Inflasi AS Rendah, Harga Bitcoin Kembali Tembus Rp 1,02 Miliar
Harga Bitcoin (BTC) kembali menembus US$64.000 (Rp 1,02 miliar dengan asumsi kurs Rp 16.000/US$), pada Rabu (15/5). Kenaikan harga mata uang kripto terpopuler ini dipicu oleh data inflasi Amerika Serikat (AS) yang lebih rendah sesuai prediksi para analis.
Indeks harga konsumen AS pada April lalu turun menjadi 3,4% secara tahunan (year-on-year). Inflasi yang lebih rendah diperkirakan akan mendorong kenaikan harga aset kripto seperti Bitcoin secara lebih signifikan.
Menurut laporan U.Today, para trader pada indeks swap saat ini condong ke arah penurunan suku bunga yang lebih cepat setelah data inflasi terbaru. Bank Sentral AS (The Federal Reserve) diperkirakan akan menurunkan suku bunga acuan pada bulan September dan Desember.

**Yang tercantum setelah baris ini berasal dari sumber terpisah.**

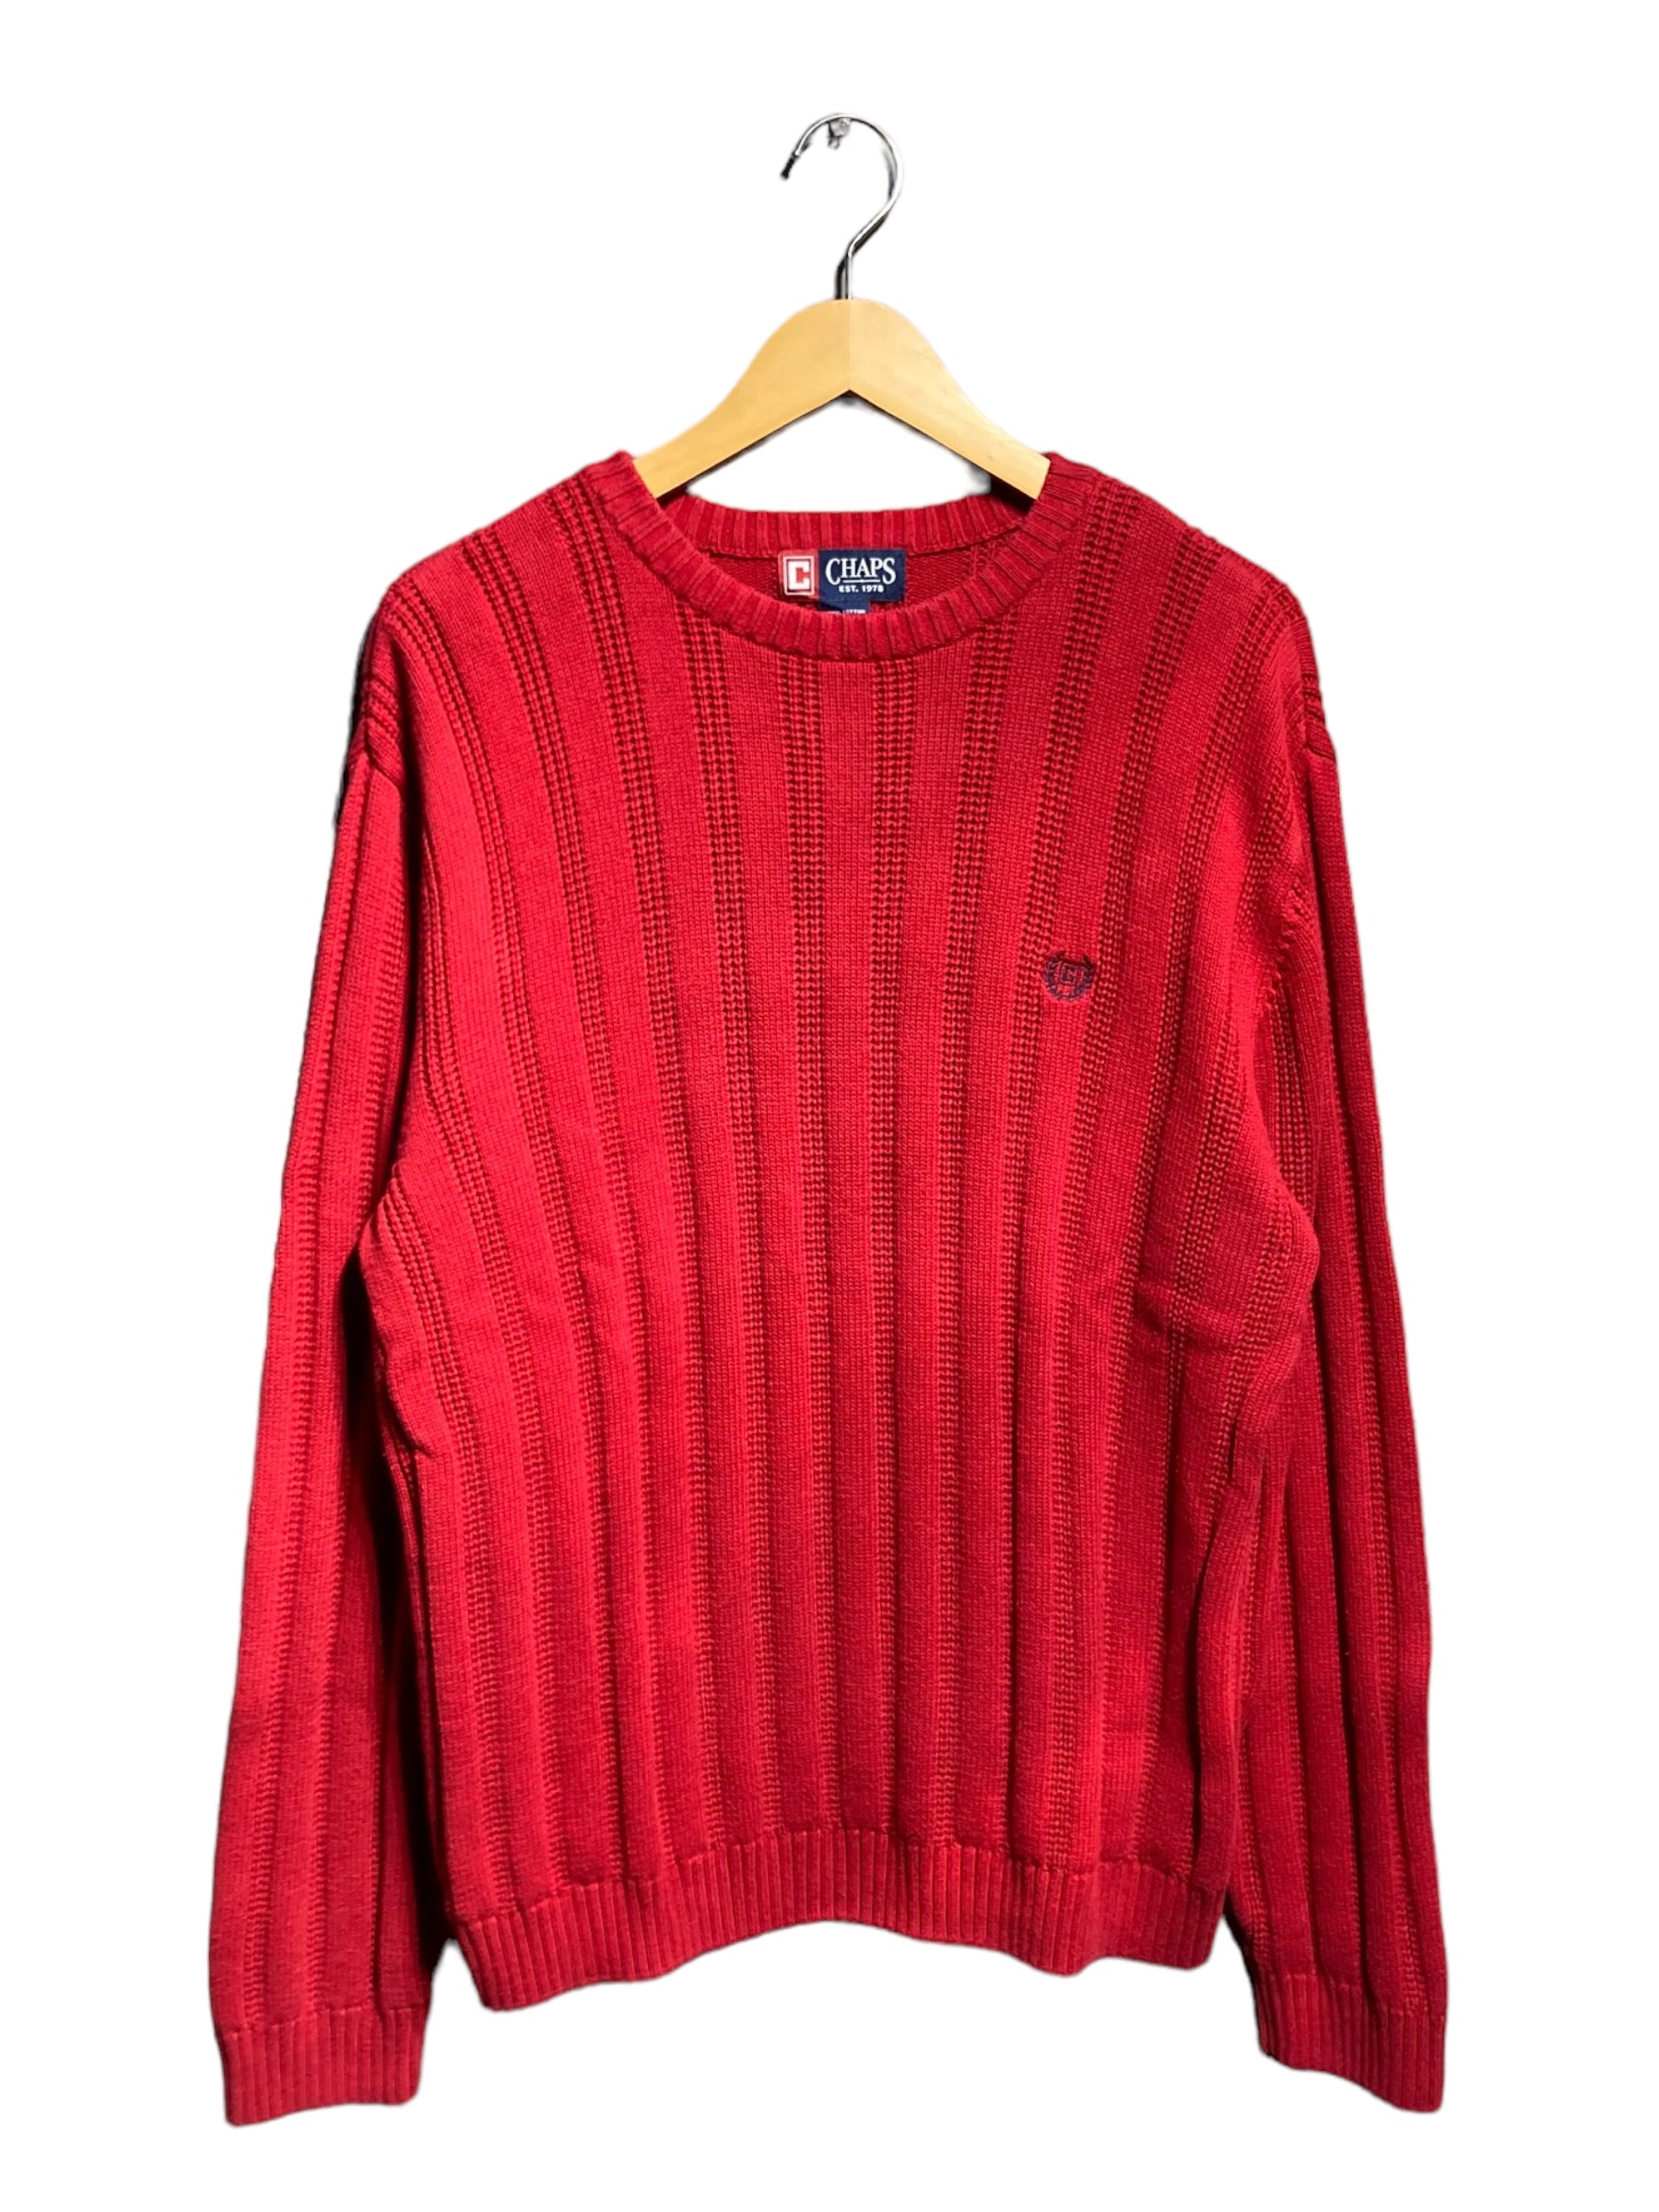 90s CHAPS チャップス knit sweater ニット セーター デザイン

Kebijakan moneter yang lebih longgar tentu saja akan berdampak positif pada aset-aset berisiko seperti Bitcoin. Bulan lalu, seperti yang dilaporkan oleh U.Today, mata uang kripto terbesar ini mengalami penurunan yang parah setelah inflasi AS ternyata lebih tinggi dari yang diperkirakan.
Harga Bitcoin mulai turun lebih rendah karena meningkatnya kekhawatiran stagflasi. Bos JPMorgan Jamie Dimon mengklaim bahwa keadaan ekonomi AS mengingatkannya pada tahun 1970-an.
Namun, Gubernur Bank Sentral AS Jerome Powell dengan cepat meredakan kekhawatiran stagflasi ini, yang menyuntikkan kepercayaan diri ke pasar. Saham-saham berjangka AS juga melonjak menyusul data inflasi, dengan S&P 500 berjangka menguat 26 poin.